Darren Jones, the new chief secretary to the Treasury, previously called for a government which lets “1,000 AI pilots” flourish and £32m of funding has already been committed to nearly 100 AI projects intended to “boost productivity” and “improve public services”. On average, that is less than £350,000 per project: meaning cash will be spread very thin.

But unless the government has robust plans to evaluate which of these projects have been successful, the payoff will be equally minimal. A recent poll of officials found that almost half believe their department does not effectively measure the progress or success of its digital and data initiatives.

With government betting on so many horses, it’s crucial departments take the time to work out which digital projects have been most effective, so the Treasury can invest in scaling them further. Spending on these projects otherwise risks being closer to gambling than investment. As Reform research has previously shown, evaluation in Whitehall is largely an afterthought and left to a set of “proactive amateurs”, rather than seen as crucial to improving outcomes.
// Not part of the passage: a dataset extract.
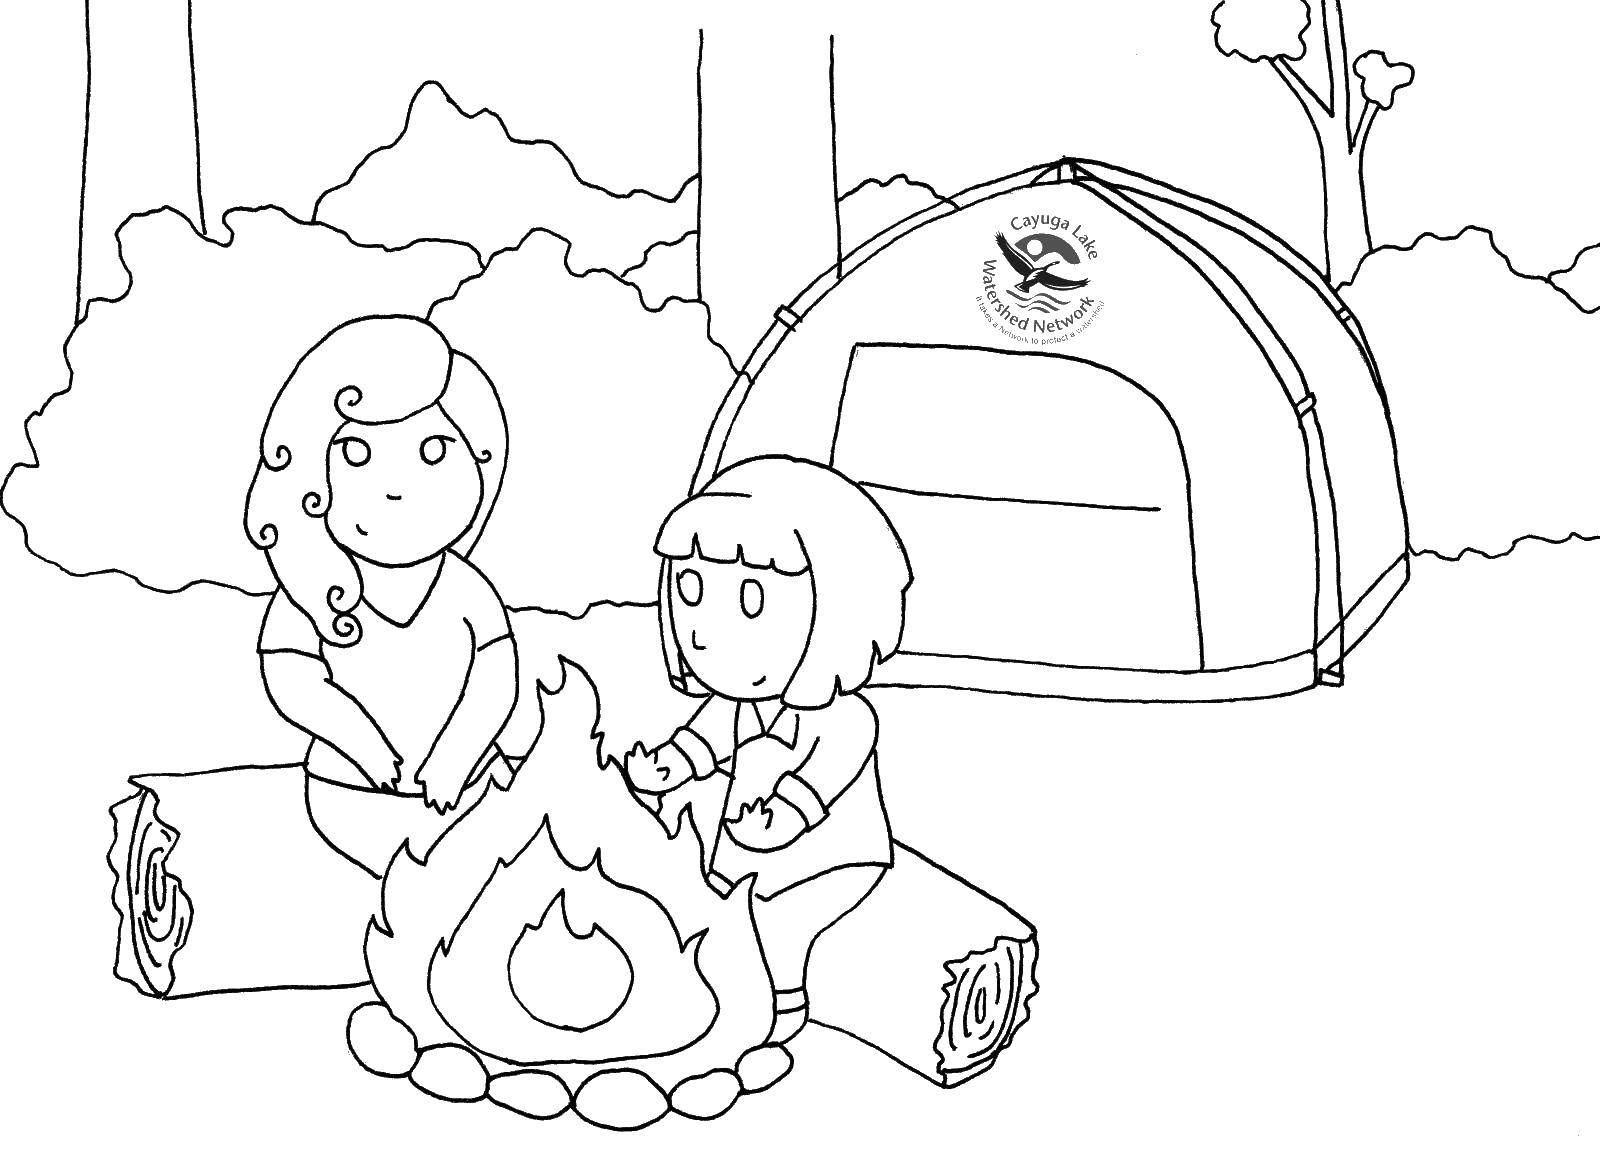 Название: Раскраска Мама и дочка у костра. Категория: Отдых на природе. Теги: мама, дочка, палатка, костер.

Remarkably, of the 108 most complex and significant projects managed by government in 2019, only nine were fully evaluated. Government has no real idea whether billions of pounds of spending are making any difference. And these are only the largest projects, there are many more smaller ones. Tom Adeyoola, the co-author of Labour’s start-up review, told a recent Reform event that government has “more AI pilots than Heathrow”. Similarly, the risk is that AI pilots become one-off vanity projects for the teams that initiate them, rather than a tool to kick-start reform of services.

Departments need to embed the practice of evaluation in their everyday work, particularly for digital and data projects. To cure "pilotitis" – projects starting and stopping without achieving lasting change – we must start caring about evaluation.

Singapore’s Open Government Products team, for example, maintains a live dashboard of the spending on, and outcomes from, digital services. In Canada, funding from the Treasury is contingent on sign-off from a department’s “head of evaluation” that there is a strong evidence base for a proposed initiative or that there are plans in place to evaluate effectiveness. All government spending in Canada must be periodically evaluated.

"The risk is that AI pilots become one-off vanity projects for the teams that initiate them, rather than a tool to kick-start reform of services"

By contrast, in the UK, our evaluation protocols are piecemeal and often decided by arbitrary spending cut-offs. The small sums set aside to carry out these evaluations are also inadequate. We need a fundamental shift in mindset. In future, government should consider which pilots have the greatest implications for public sector productivity, and ensure it has plans in place to assess their impact.

Though many digital projects are individually low-cost, on aggregate they represent vast amounts of annual spending, often with the potential to save government multiples of its initial investment. As Gareth Davies, head of the NAO has said, the technology “already exists to transform service delivery, reduce costs and improve the user experience” – releasing “billions” for other priorities.

If government is serious about digital transformation, and the potential of AI, this should be reflected in evaluation occurring on a regular basis, even for small pilots. Tight budgets should strengthen the argument for finding out what works, not for throwing evaluation on the scrap heap.

It should be hardwired into the design of any digital project, and spending should be made conditional on departments carrying out and transparently publishing evaluations of their existing pilots. To build digitally-enabled public services, we first need a more evidence-led Whitehall.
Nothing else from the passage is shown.